Data segment START

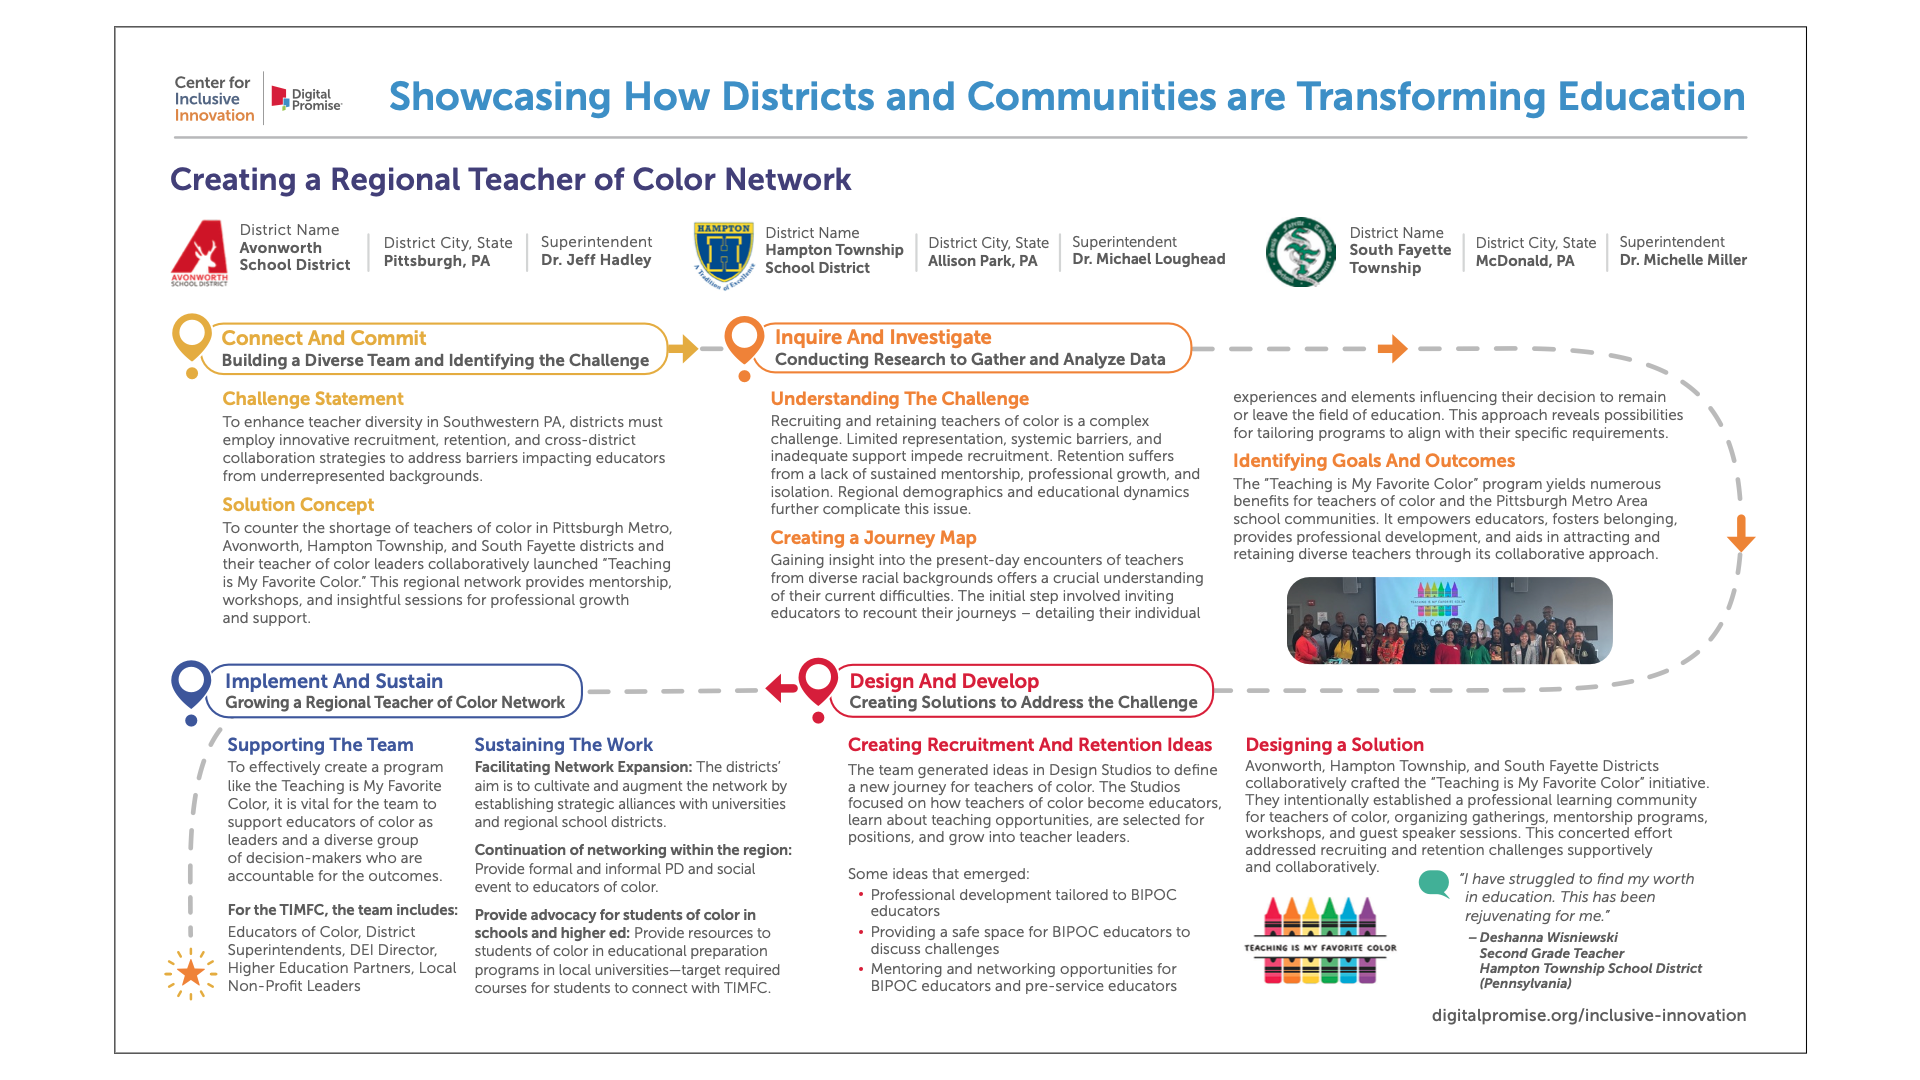 Creating a Regional Teacher of Color Network
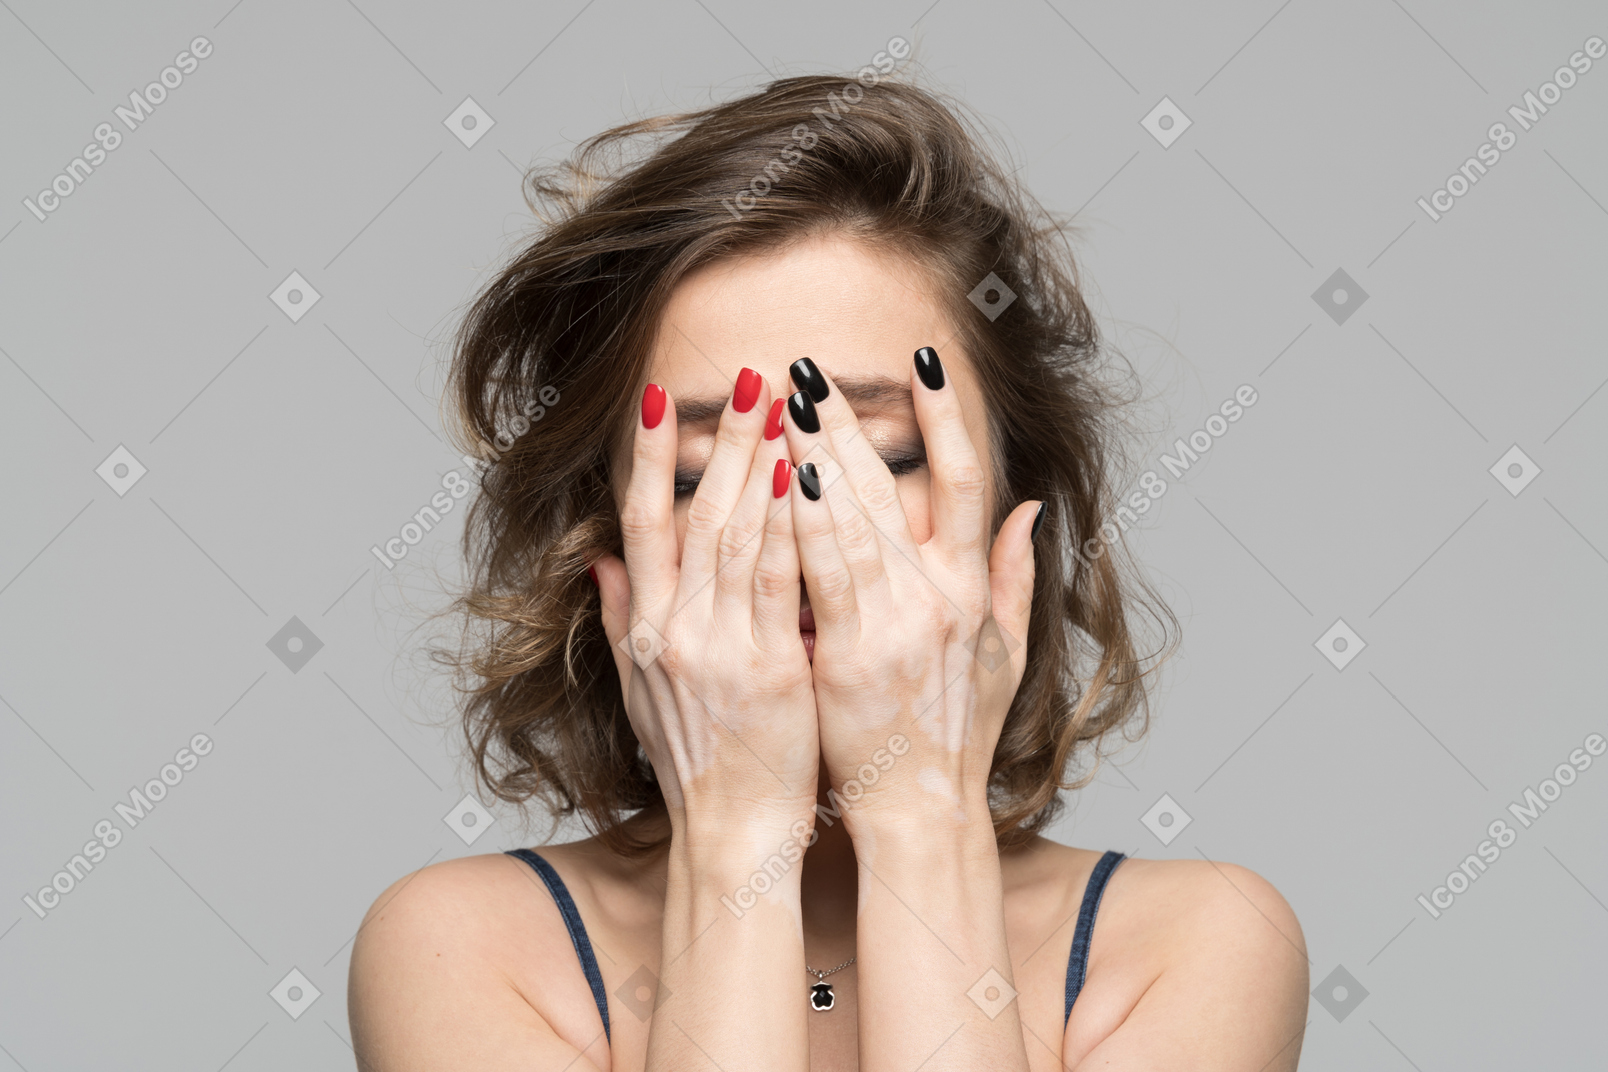 Woman covering face with both palms
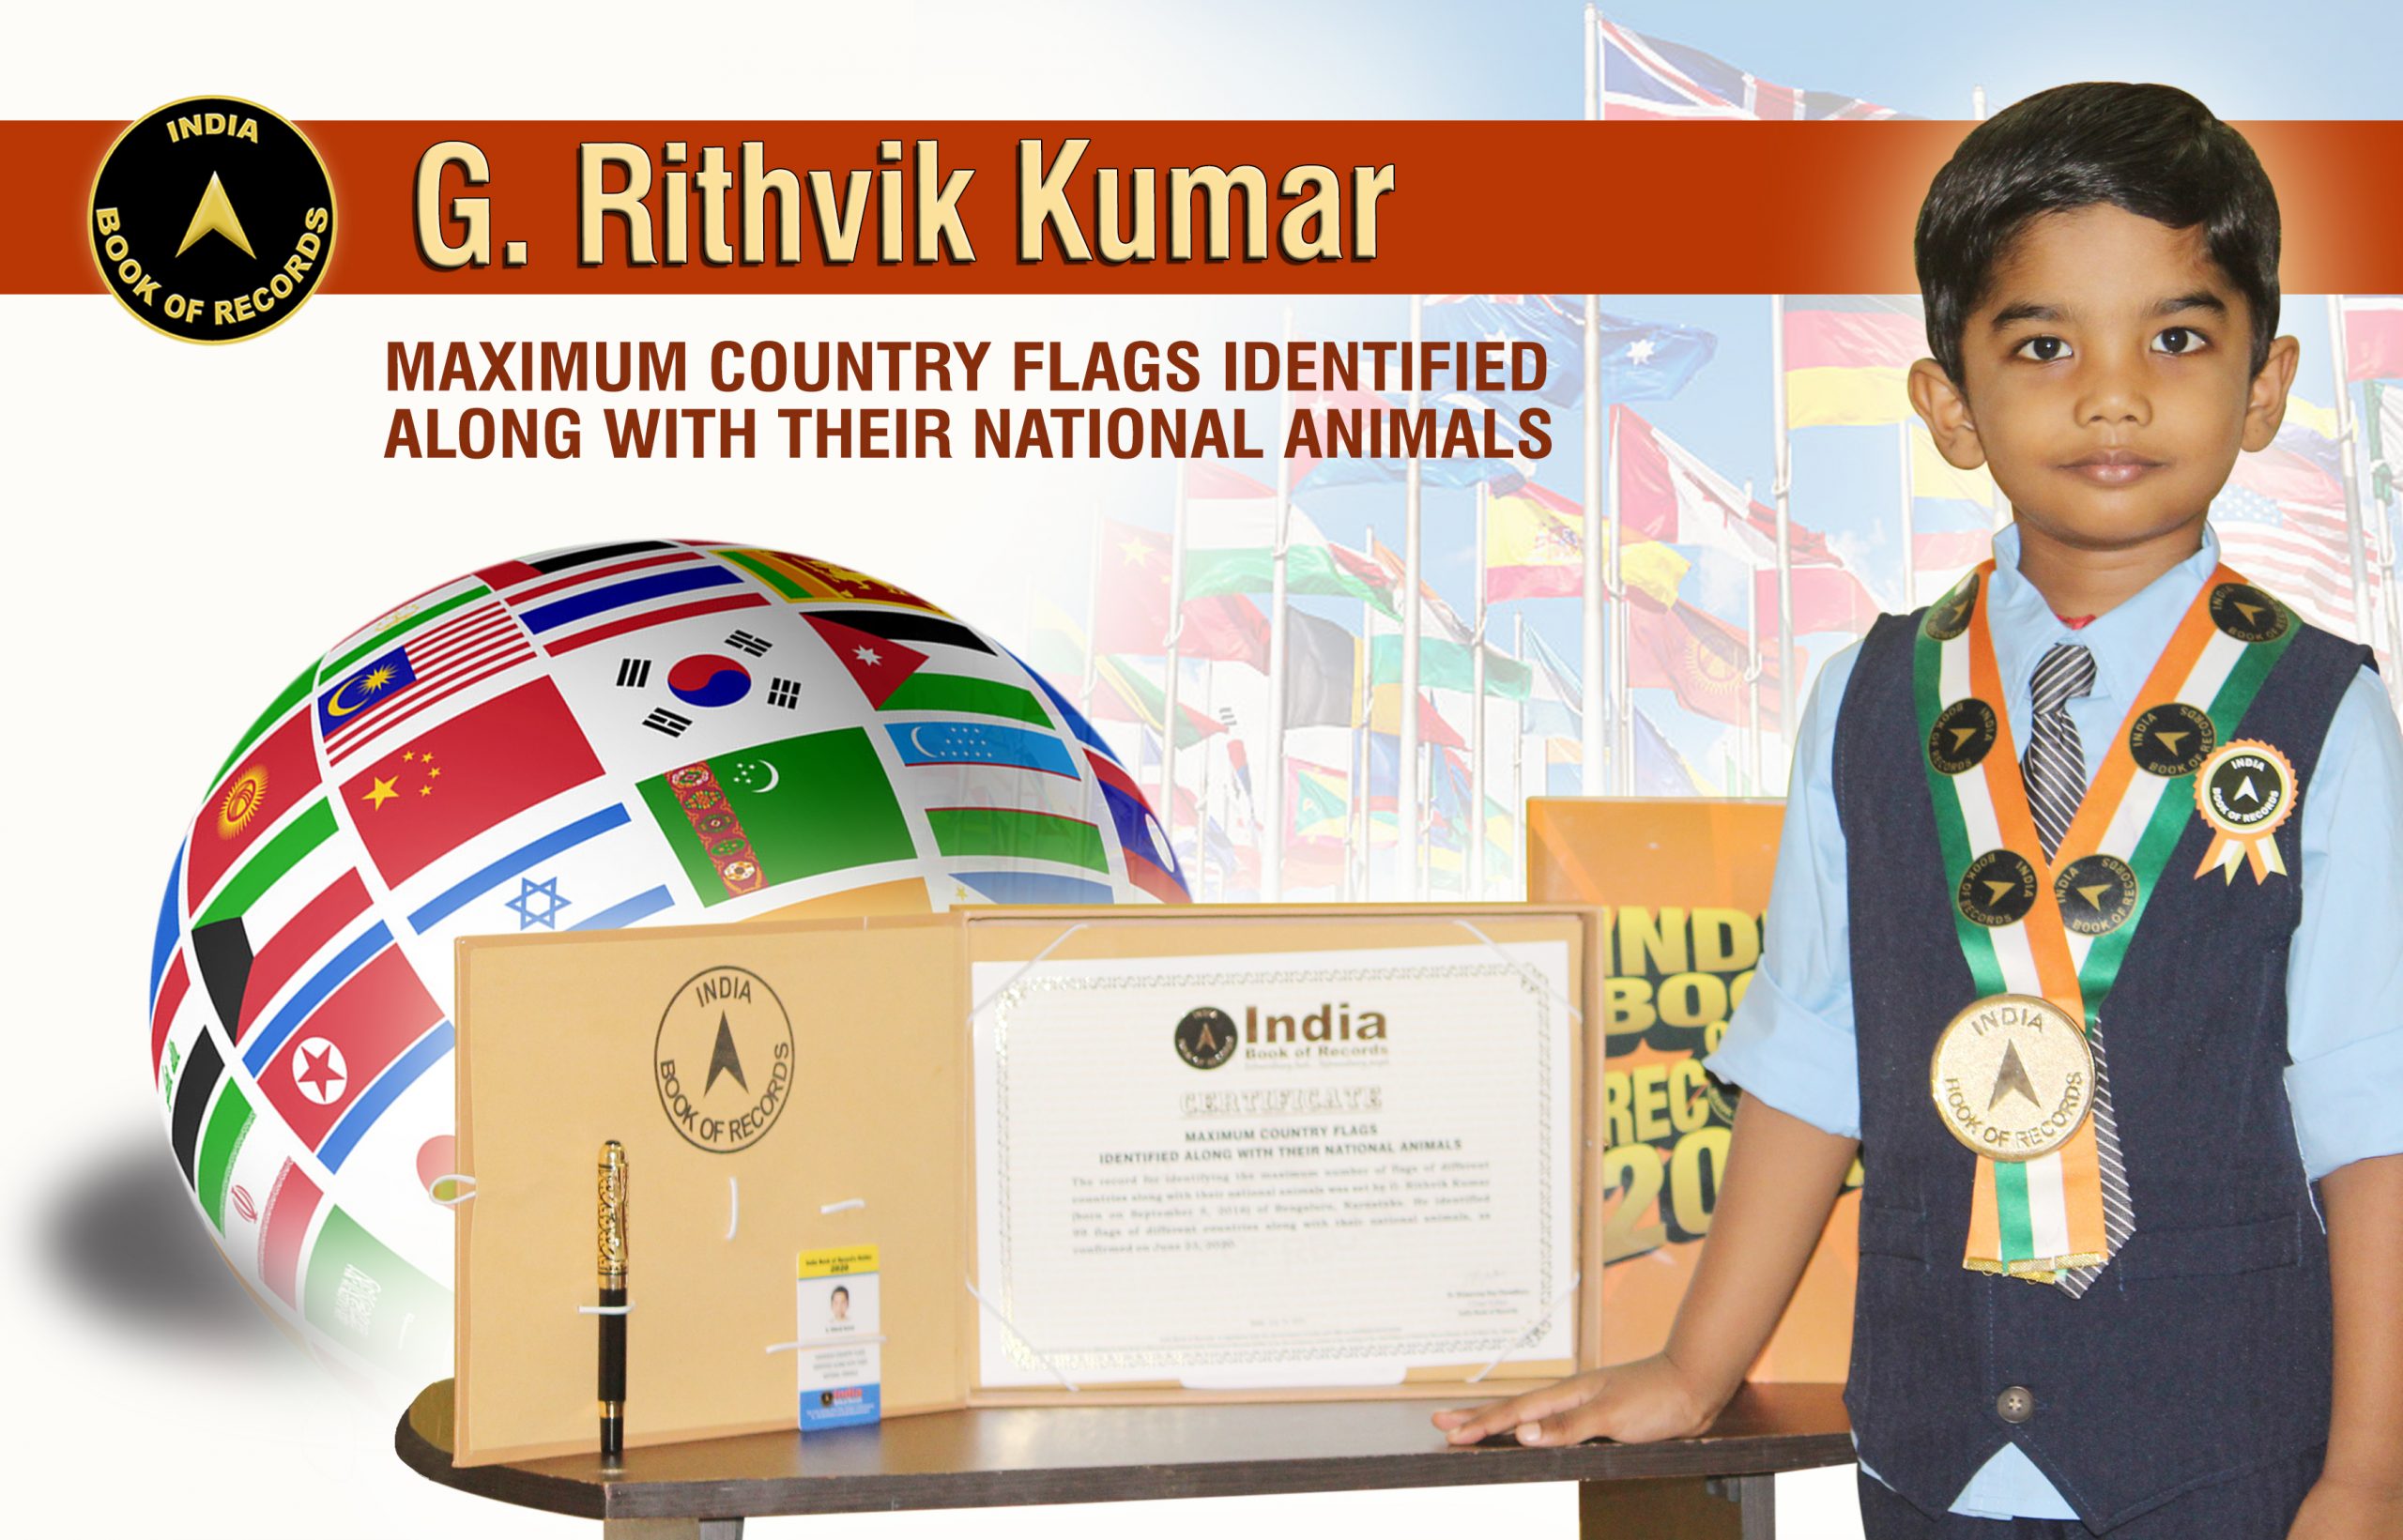 MAXIMUM COUNTRY FLAGS IDENTIFIED ALONG WITH THEIR NATIONAL ANIMALS

Data segment END

* _Action item_: Leaving aside the pictures, copy the listing above exactly.

* _Solution to this problem_:
 Creating a Regional Teacher of Color Network
 Woman covering face with both palms
 MAXIMUM COUNTRY FLAGS IDENTIFIED ALONG WITH THEIR NATIONAL ANIMALS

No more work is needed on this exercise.